В 2001 году у меня в семье произошла трагедия. Во время купания в Волге утонула же-на. Остался я с двумя детьми. Была большая тревога за сына и дочь. Неполная семья, дети без матери, ничего хорошего их не ждет… Стало ясно: нужно искать духовную опору. Детей стал водить в воскресную школу при Самарской Духовной семинарии, сам начал ходить в храм Михаила Архангела в поселке Запанском. Он находится рядом с нашей лабораторией. Там начал алтарничать у отца Константина Калашникова, а потом стал священником. Я принял рукоположение в священнический сан в 2005 году. Мне тогда был уже 41 год.
— Вас сразу назначили настоятелем в Сырейку?
— Ради служения в Сырейке меня и рукоположили. Были некоторые препятствия для получения сана священника, и потому вначале я служил дьяконом в храме «Утоли моя печали» при Самарском университете путей сообщения и вовсе не надеялся стать пастырем. В том храме служит настоятелем отец Илия Борисов, бывший мой студент мед-института. Но я все-таки стал священником, — так решили, чтобы я смог построить храм в родном селе.
Когда меня рукополагали, я испытал чувство глубокой благодарности нашему Архипастырю — Архиепископу (ныне Митрополиту) Самарскому и Сызранскому Сергию. Он ока-зал мне доверие несмотря на мое недостоинство.И это чувство благодарности Архиерею я в своей душе сохранил и в период моих последующих метаний…

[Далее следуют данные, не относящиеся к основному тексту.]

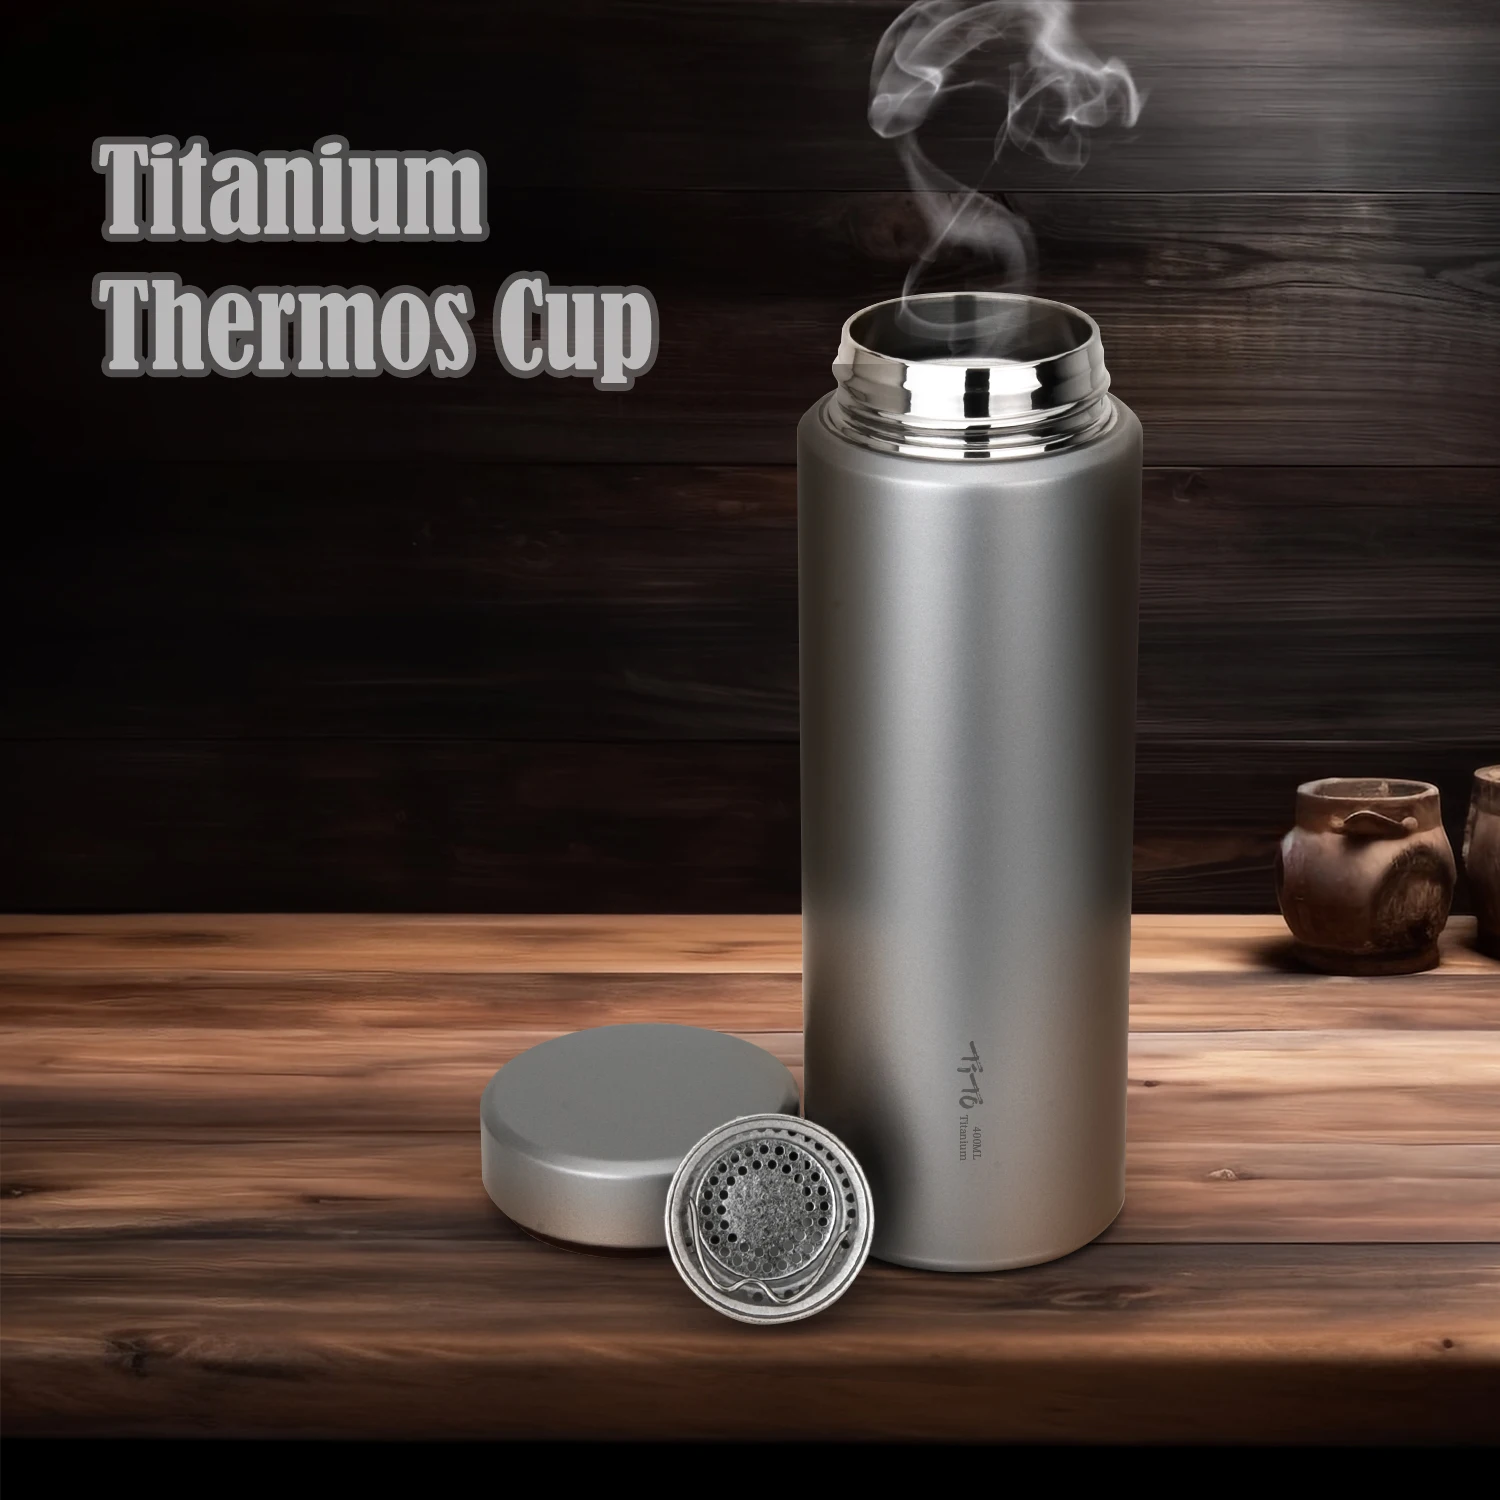 TiTo 400ml Thermos Cup Bottle Water Coffee Mug Sandblasted Titanium Hydroflask Portable Vacuum Business Flasks & Thermoses

После окончания Литургии, на которой было мое посвящение в сан, Владыка мне как напутствие неожиданно строго сказал: «Смотри, не диссидентствуй… ». Мне бы внять его мудрому совету…
Пять лет я прослужил в Сырейке, построил храм в честь святого Димитрия Солунского. Закончил Семинарию. Много духовной литературы прочитал. Ум у меня всегда был пытливый, вот и начал я искать, но не находил ответа на многие острые вопросы.
— Кто был ваш духовник?
— Архимандрит Владимир (Наумов) из села Высокое Пестравского района Самарской области (он и постриг меня позже в монахи). Незадолго до моего посвящения в сан отец Владимир неожиданно сказал: «Если Владыка предложит стать священником — не отказывайся». А я ведь на это и не надеялся. Но когда Владыка предложил мне рукополагаться, сразу всплыли в памяти эти слова духовника. Отец Владимир человек высокой жизни, осторожный и внимательный духовник. Но в мои неофитские искания он не очень-то вникал. А потом я и сам перестал советоваться. Был момент, когда и вовсе с ним прекратил отношения. Сейчас понимаю: это было искушение. А тогда… услышал какой-то недобрый отклик о нем и усомнился… Так я остался один.
— Это и стало началом ваших метаний?
— Плотно влез в изучение церковных канонов. Изучил всю «Кормчую» и узнал много неожиданного для себя. Например, из книг следовало, что священники должны всегда ходить в облачении. Стал и я всюду ходить в подряснике. Старался не осуждать других пастырей, но в сердце все равно прокрадывалась гордыня. А тут еще соблазн: некоторые священники службы сокращают. Я звонил нашим канонистам, отцу Роману Державину, потом отцу Рустику Гузю… Их объяснения меня не убедили. А они ведь предупреждали, что не нужно мне в эти дебри лезть, кончится это плохо для меня.
Вскоре я начал искать более «правильные» конфессии… И попал (к счастью, ненадолго), к представителям так называемой «истинной православной церкви» — раньше их звали катакомбниками. Отыскал их в Башкирии, но там не закрепился. Я еще не ушел из нашей Русской Православной Церкви, но психологически был уже готов к этому. Ведь когда человек хочет смутиться, его всегда что-нибудь да смутит.Я поехал к старообрядцам-безпоповцам. Просто их храм оказался первым на моем пути. Познакомился с ними. Узнал, что у них нет священников, и это меня огорчило. Там сказали: если хотите с «попами»-старообрядцами иметь дело, спуститесь пониже к Волге… Там возле Станкозавода старообрядческий храм. В нем служат старообрядцы-«поповцы» Белокриницкого согласия («австрийцы»). Их храм был построен в 1910 году, несколько лет назад его передали старообрядческой общине. Там мне навстречу вышел старообрядческий священник Димитрий Мартышкин. Этот умный и деликатный человек познакомился со мной, отнесся с радушием. Дал мне книги по истории старообрядчества. Почитал я те книжки, и их аргументы показались убедительными.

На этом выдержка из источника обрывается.